◆ ACTIVITY
Please write out the listing again, keeping every character the same.

◆ DATA SHOWN
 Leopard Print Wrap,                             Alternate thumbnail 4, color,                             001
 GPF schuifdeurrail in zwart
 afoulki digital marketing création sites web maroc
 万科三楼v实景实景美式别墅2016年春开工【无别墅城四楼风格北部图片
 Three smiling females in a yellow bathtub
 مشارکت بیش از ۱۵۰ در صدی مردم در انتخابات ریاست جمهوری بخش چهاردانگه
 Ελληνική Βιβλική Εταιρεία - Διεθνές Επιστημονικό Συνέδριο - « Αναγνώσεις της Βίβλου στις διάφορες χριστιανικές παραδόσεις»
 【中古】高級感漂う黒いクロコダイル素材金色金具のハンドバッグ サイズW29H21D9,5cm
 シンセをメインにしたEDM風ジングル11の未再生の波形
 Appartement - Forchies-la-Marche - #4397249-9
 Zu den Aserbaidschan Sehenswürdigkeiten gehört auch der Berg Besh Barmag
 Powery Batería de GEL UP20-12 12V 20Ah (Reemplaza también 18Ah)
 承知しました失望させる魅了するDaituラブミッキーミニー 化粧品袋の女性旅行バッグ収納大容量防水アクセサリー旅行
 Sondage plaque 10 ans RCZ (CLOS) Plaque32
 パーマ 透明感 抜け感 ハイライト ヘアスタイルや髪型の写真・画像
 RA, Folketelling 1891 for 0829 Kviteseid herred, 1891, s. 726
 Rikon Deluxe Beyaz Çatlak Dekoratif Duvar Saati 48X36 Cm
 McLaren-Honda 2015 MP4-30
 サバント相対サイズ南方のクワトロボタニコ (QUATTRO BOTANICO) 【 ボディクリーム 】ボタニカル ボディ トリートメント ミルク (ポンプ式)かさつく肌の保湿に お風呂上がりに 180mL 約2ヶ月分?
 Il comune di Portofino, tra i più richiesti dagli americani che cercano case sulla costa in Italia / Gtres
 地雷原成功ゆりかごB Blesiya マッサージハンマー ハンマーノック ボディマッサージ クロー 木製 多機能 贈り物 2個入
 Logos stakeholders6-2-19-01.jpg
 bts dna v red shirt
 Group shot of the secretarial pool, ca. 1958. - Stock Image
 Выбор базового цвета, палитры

◆ RESULT
 Leopard Print Wrap,                             Alternate thumbnail 4, color,                             001
 GPF schuifdeurrail in zwart
 afoulki digital marketing création sites web maroc
 万科三楼v实景实景美式别墅2016年春开工【无别墅城四楼风格北部图片
 Three smiling females in a yellow bathtub
 مشارکت بیش از ۱۵۰ در صدی مردم در انتخابات ریاست جمهوری بخش چهاردانگه
 Ελληνική Βιβλική Εταιρεία - Διεθνές Επιστημονικό Συνέδριο - « Αναγνώσεις της Βίβλου στις διάφορες χριστιανικές παραδόσεις»
 【中古】高級感漂う黒いクロコダイル素材金色金具のハンドバッグ サイズW29H21D9,5cm
 シンセをメインにしたEDM風ジングル11の未再生の波形
 Appartement - Forchies-la-Marche - #4397249-9
 Zu den Aserbaidschan Sehenswürdigkeiten gehört auch der Berg Besh Barmag
 Powery Batería de GEL UP20-12 12V 20Ah (Reemplaza también 18Ah)
 承知しました失望させる魅了するDaituラブミッキーミニー 化粧品袋の女性旅行バッグ収納大容量防水アクセサリー旅行
 Sondage plaque 10 ans RCZ (CLOS) Plaque32
 パーマ 透明感 抜け感 ハイライト ヘアスタイルや髪型の写真・画像
 RA, Folketelling 1891 for 0829 Kviteseid herred, 1891, s. 726
 Rikon Deluxe Beyaz Çatlak Dekoratif Duvar Saati 48X36 Cm
 McLaren-Honda 2015 MP4-30
 サバント相対サイズ南方のクワトロボタニコ (QUATTRO BOTANICO) 【 ボディクリーム 】ボタニカル ボディ トリートメント ミルク (ポンプ式)かさつく肌の保湿に お風呂上がりに 180mL 約2ヶ月分?
 Il comune di Portofino, tra i più richiesti dagli americani che cercano case sulla costa in Italia / Gtres
 地雷原成功ゆりかごB Blesiya マッサージハンマー ハンマーノック ボディマッサージ クロー 木製 多機能 贈り物 2個入
 Logos stakeholders6-2-19-01.jpg
 bts dna v red shirt
 Group shot of the secretarial pool, ca. 1958. - Stock Image
 Выбор базового цвета, палитры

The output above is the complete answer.